旭光 誓一(きょくひかり せいいち、1976年7月6日 - )は、愛媛県松山市出身で大島部屋(引退時は友綱部屋)に所属していた元大相撲力士。本名は本田 誓一(ほんだ せいいち)。身長179cm、体重198kg、血液型はB型。得意手は押し、なまくら四つ、寄り。最高位は東幕下35枚目(2001年5月場所)。
略歴
地元松山市の中学校に通っていた頃から既に体重130kgを超えていたことで大島部屋関係者の目に留まり、大島親方(元大関・旭國)が実家までスカウトに来たことを受けて大島部屋に入門、1992年3月場所で初土俵を踏んだ。当初の四股名は本名と同じ「本田」。同場所では史上最多の新弟子検査受験者数(151名)を記録し、同期生は同部屋の旭天鵬、旭鷲山の他、若の里、隆乃若、智乃花、朝乃翔、隆の鶴、春ノ山、駿傑、出羽乃富士、舞風、一の谷らがいる。この場所は前相撲を取って1番出世とし、当時の部屋付・旭富士親方(第63代横綱)の化粧回しを借りて新序出世披露を受けた。
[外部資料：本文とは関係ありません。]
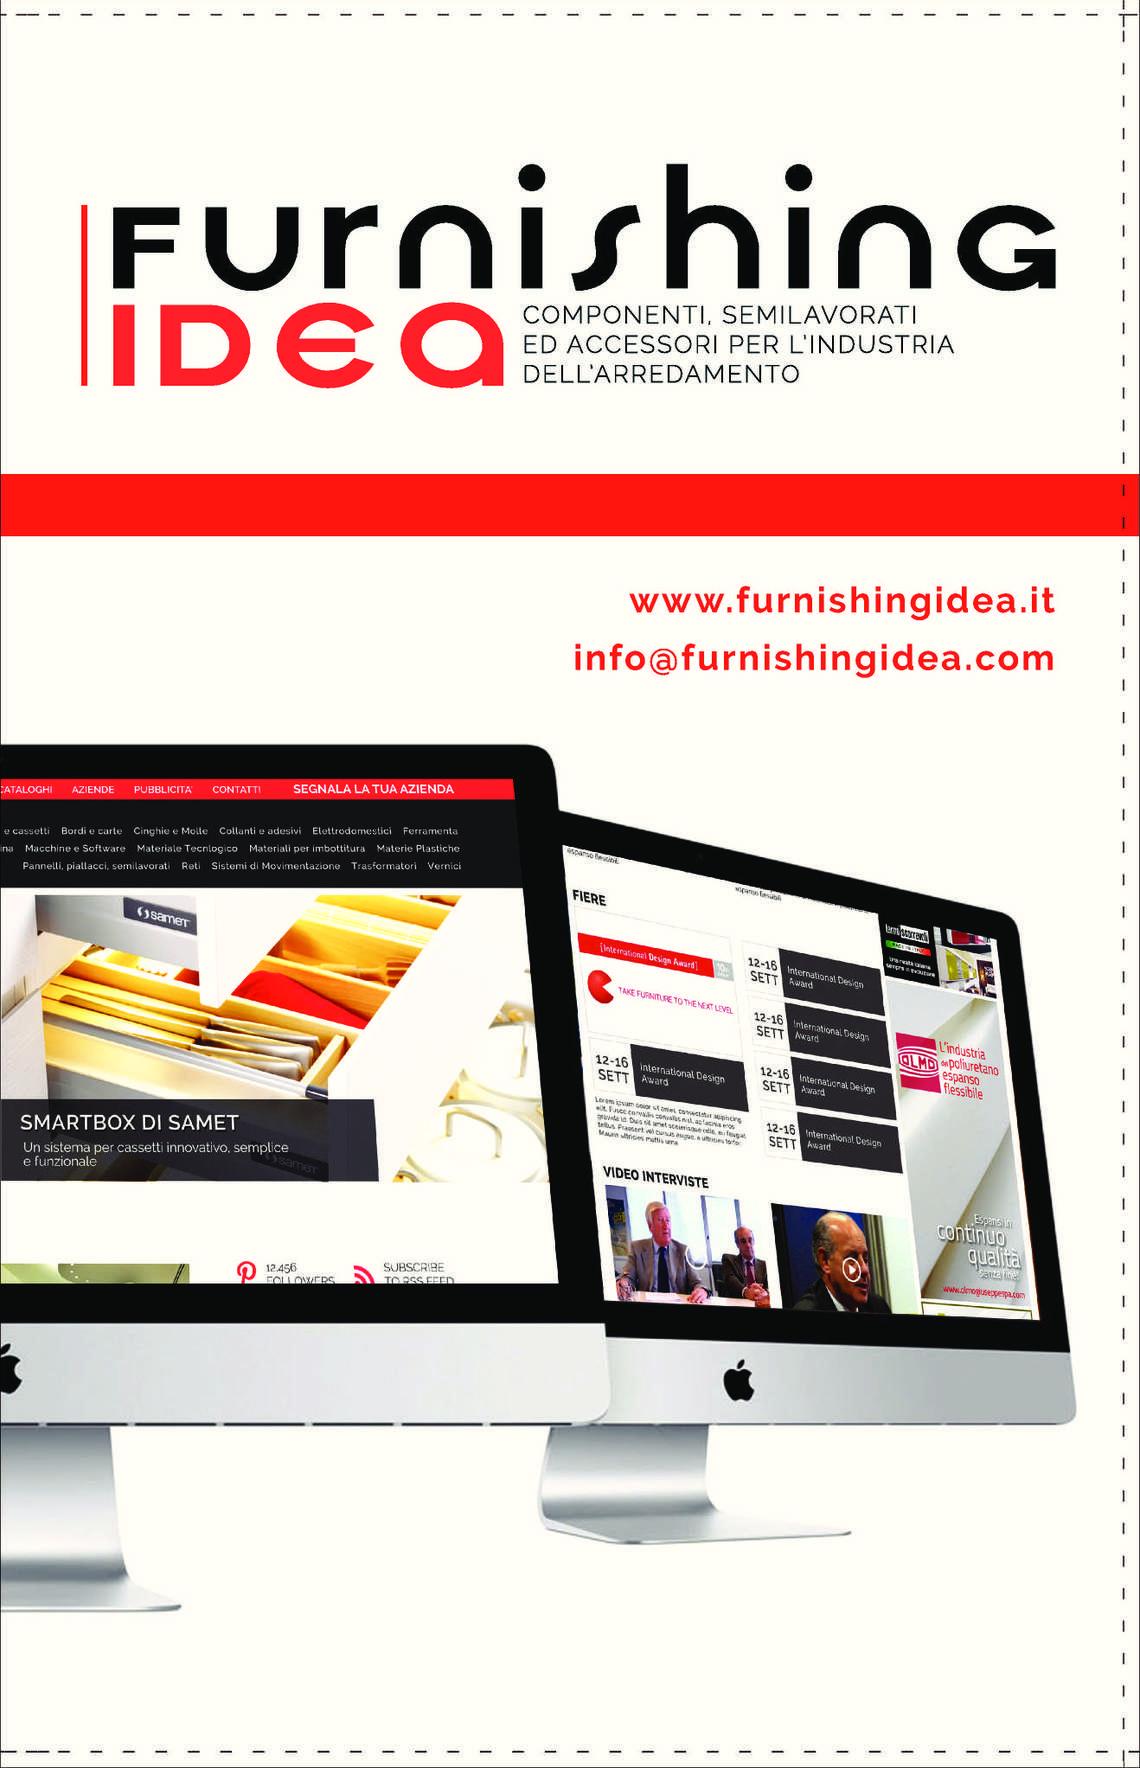 furnishing-idea-journal--1-2018_journal_9_032.jpg

序ノ口は1場所で、序二段は7場所で通過と順調に出世を続け、1993年9月場所では三段目に昇進した。この場所は負け越し、翌場所からまた序二段の土俵が続いた。1994年5月場所で「旭光」の四股名に改名、1995年3月場所で三段目に復帰すると、以降は三段目に定着していた。しかし、1996年1月場所の1番相撲で負傷して途中休場すると、怪我の回復が遅れて翌3月場所は全休となり、土俵復帰した同年5月場所は序二段の下位まで落ちていた。しかし5勝2敗、6勝1敗と2場所続けて勝ち越して同年9月場所で三段目に復帰すると、その場所も6勝1敗の好成績で翌11月場所で三段目中位に復帰。その後は1997年5月場所で一度序二段へ落ちたが、1場所で三段目に復帰し、同年7月場所は5番相撲で旭富士改め安治川親方の弟子である安美錦に敗れただけの6勝1敗。この時期には増量が相撲に好影響を及ぼし始め、1998年5月場所で初めて幕下に昇進したが1場所で三段目に陥落。1999年9月場所は7戦全勝として三段目の優勝決定戦に進出したが、栃栄に敗れて三段目優勝はならなかった。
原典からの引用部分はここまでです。